Exercise prompt - Starting with the line that has "Bacharach R-600a warranty" and finishing with the line that has "LED Einbaustrahler 230V", set down each line below exactly. Pictures are not copied.

Available data -
━━━━━━━━━━━━━━━━━━━━━━━━━━━━━━

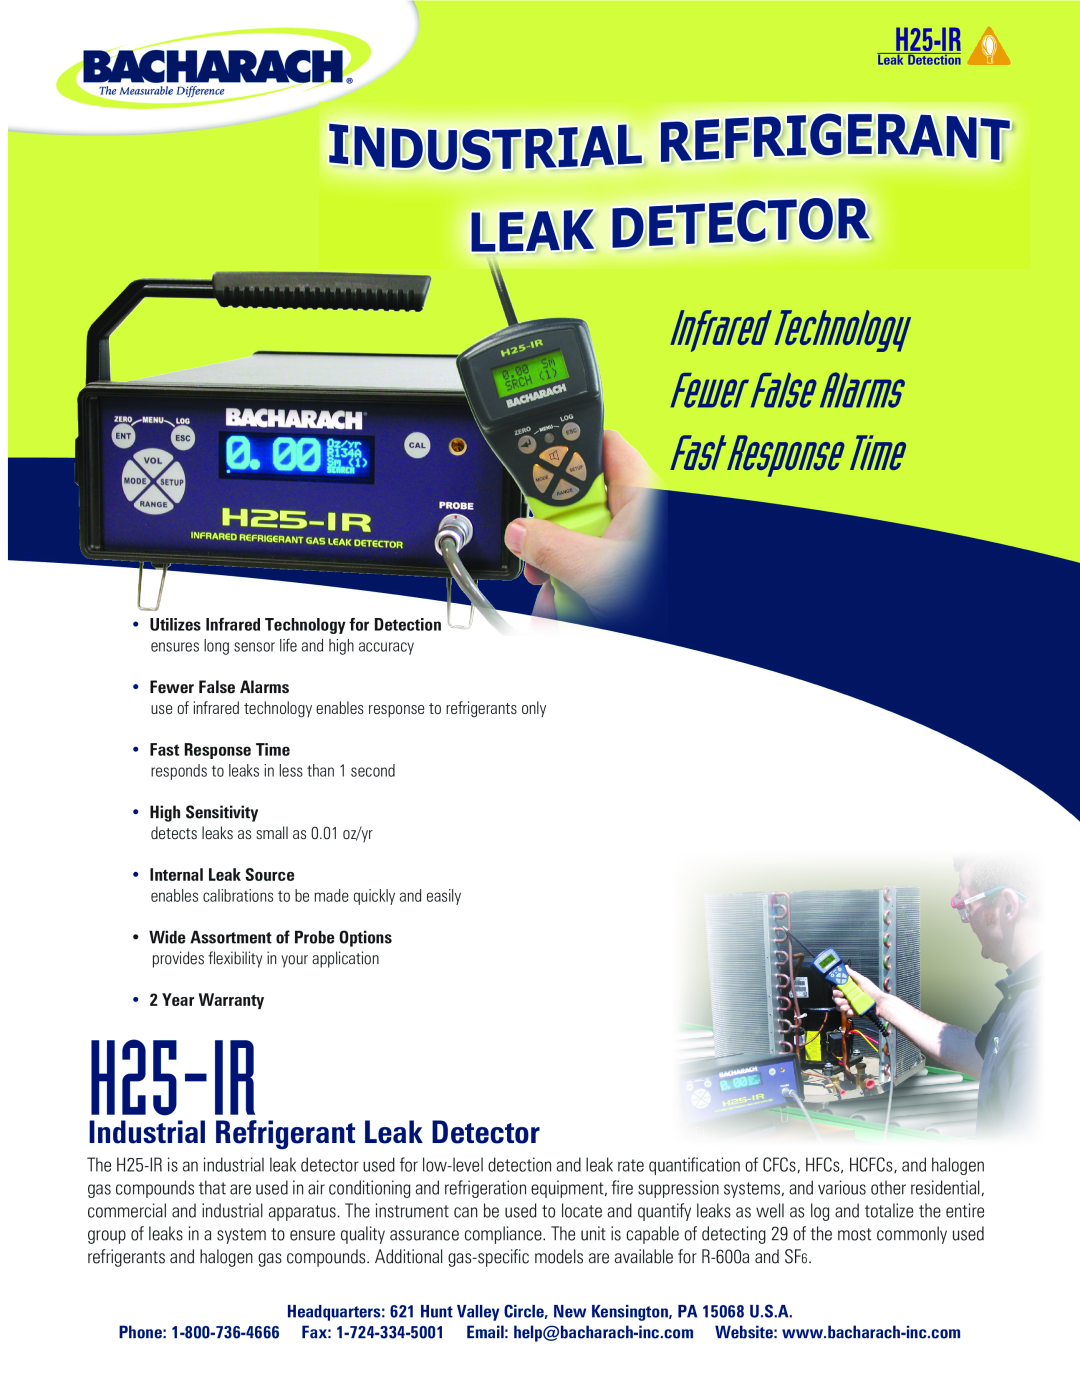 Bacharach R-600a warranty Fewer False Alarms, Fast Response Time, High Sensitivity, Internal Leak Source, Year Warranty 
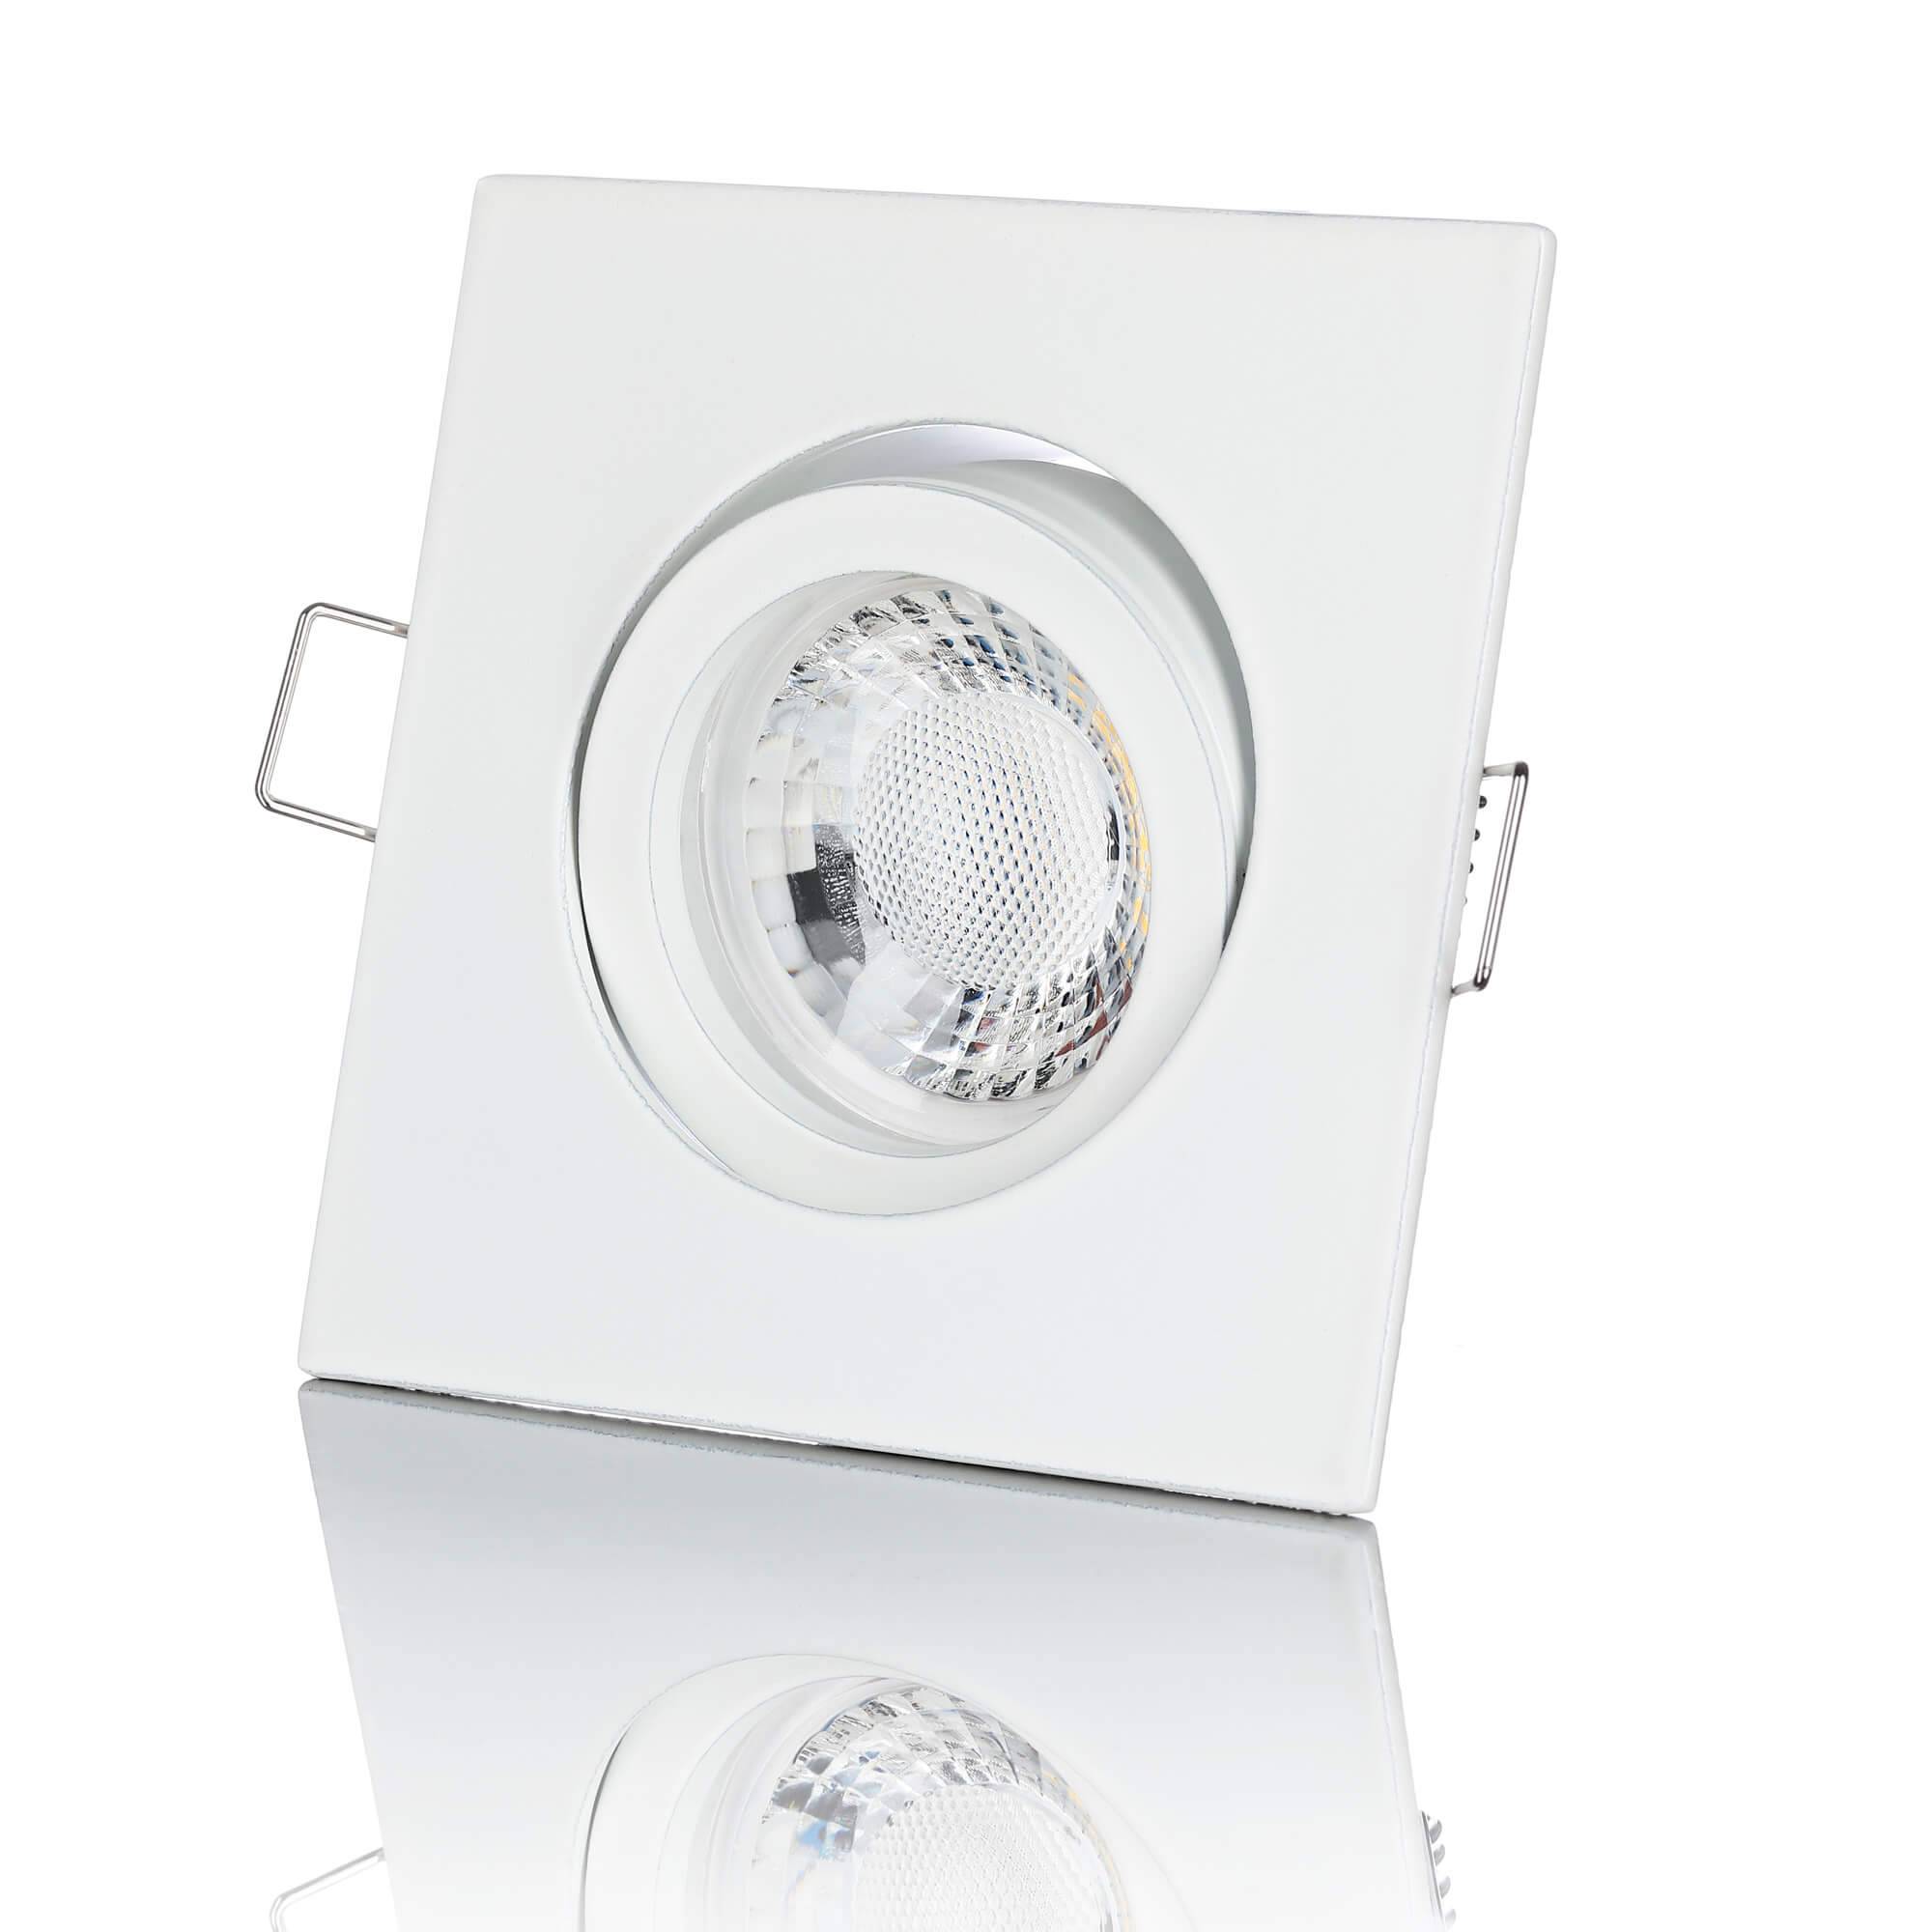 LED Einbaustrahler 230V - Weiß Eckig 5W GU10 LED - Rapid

━━━━━━━━━━━━━━━━━━━━━━━━━━━━━━

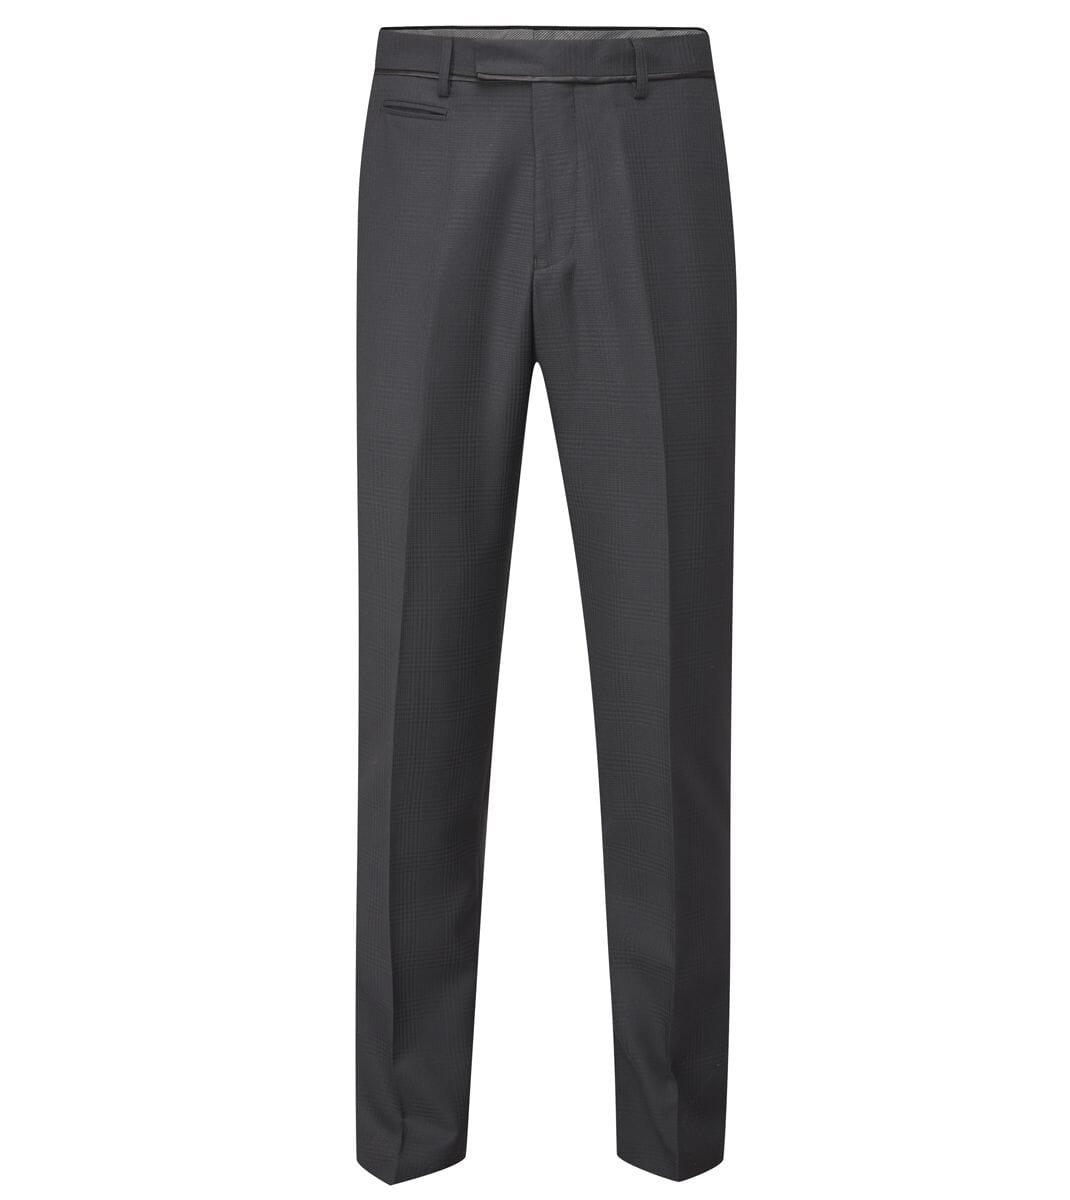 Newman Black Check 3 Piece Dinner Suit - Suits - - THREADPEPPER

━━━━━━━━━━━━━━━━━━━━━━━━━━━━━━

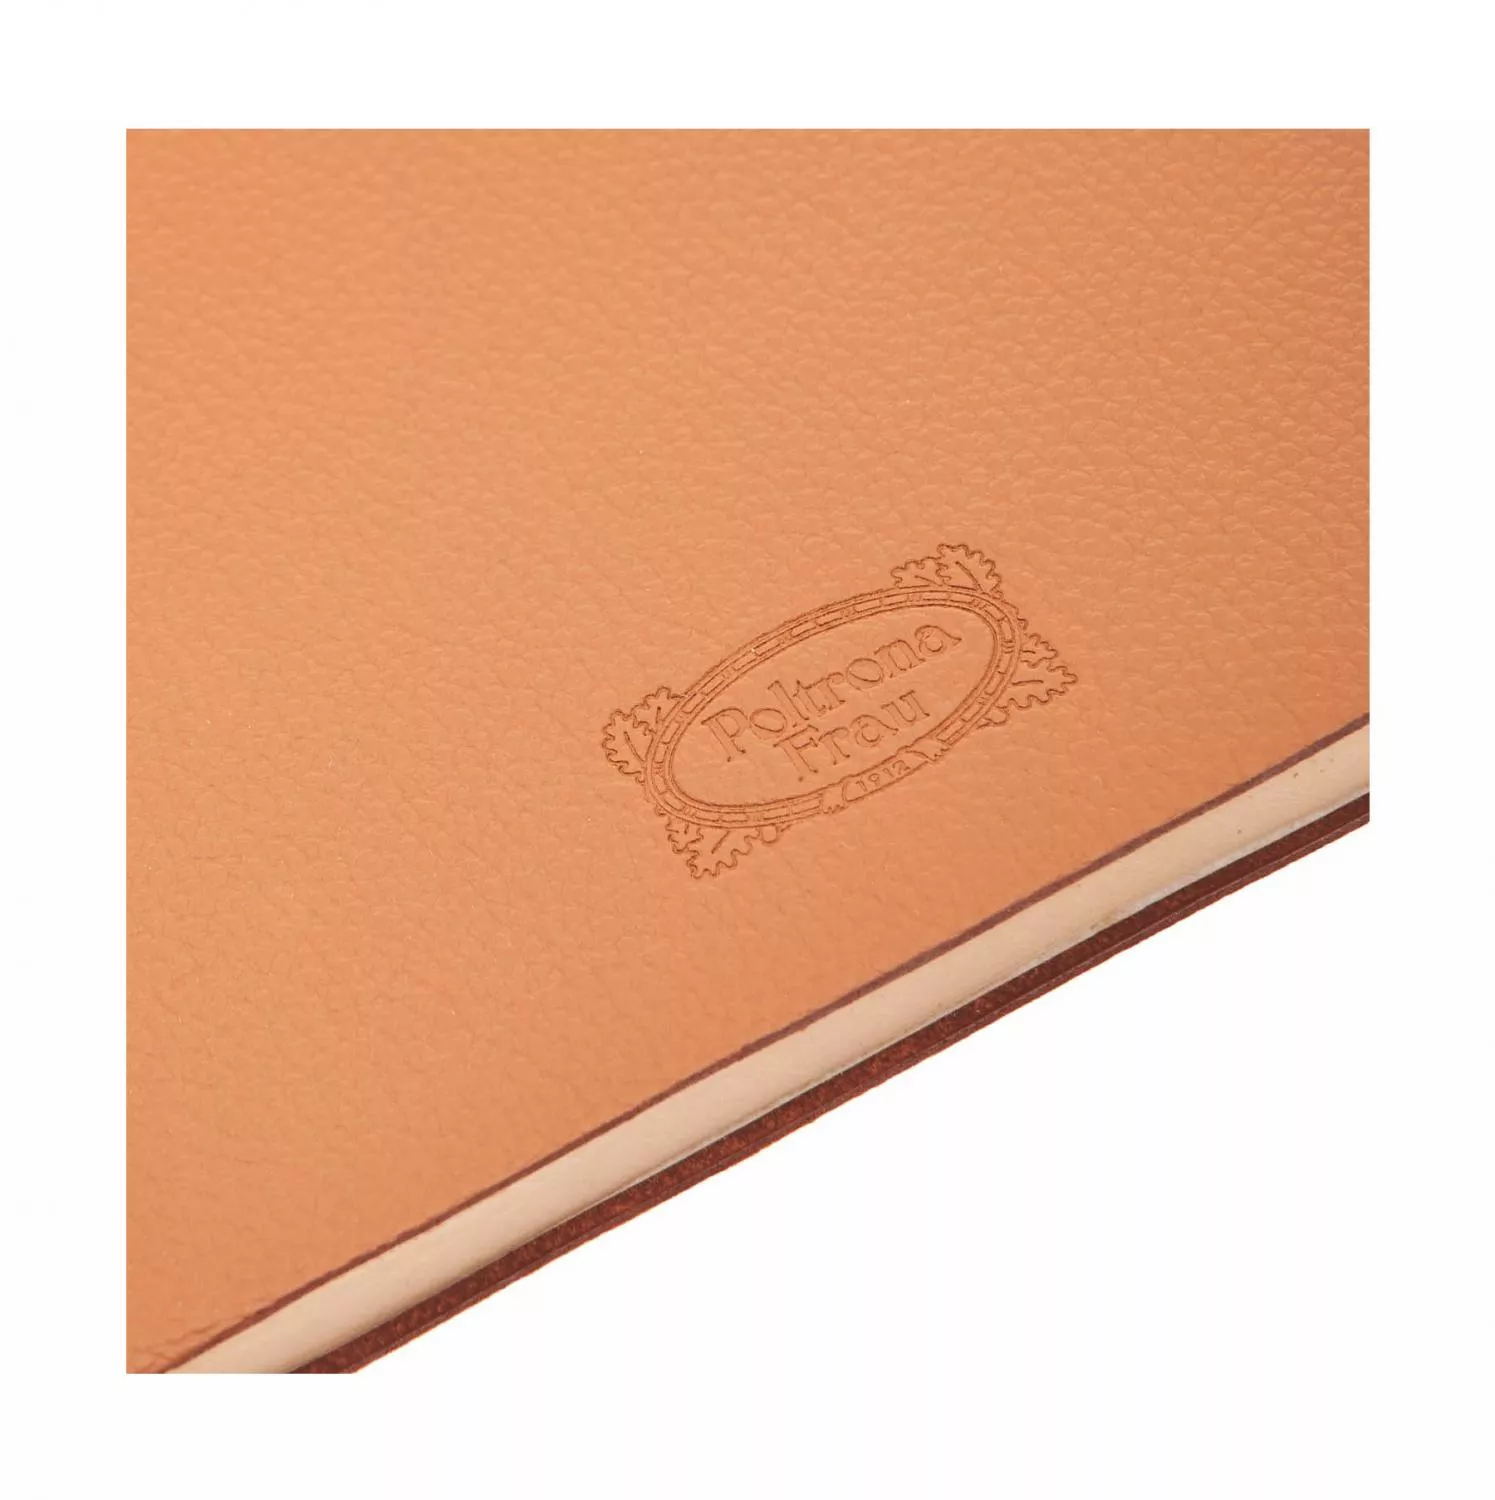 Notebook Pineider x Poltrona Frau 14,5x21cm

━━━━━━━━━━━━━━━━━━━━━━━━━━━━━━

Answer to this problem -
 Bacharach R-600a warranty Fewer False Alarms, Fast Response Time, High Sensitivity, Internal Leak Source, Year Warranty 
 LED Einbaustrahler 230V - Weiß Eckig 5W GU10 LED - Rapid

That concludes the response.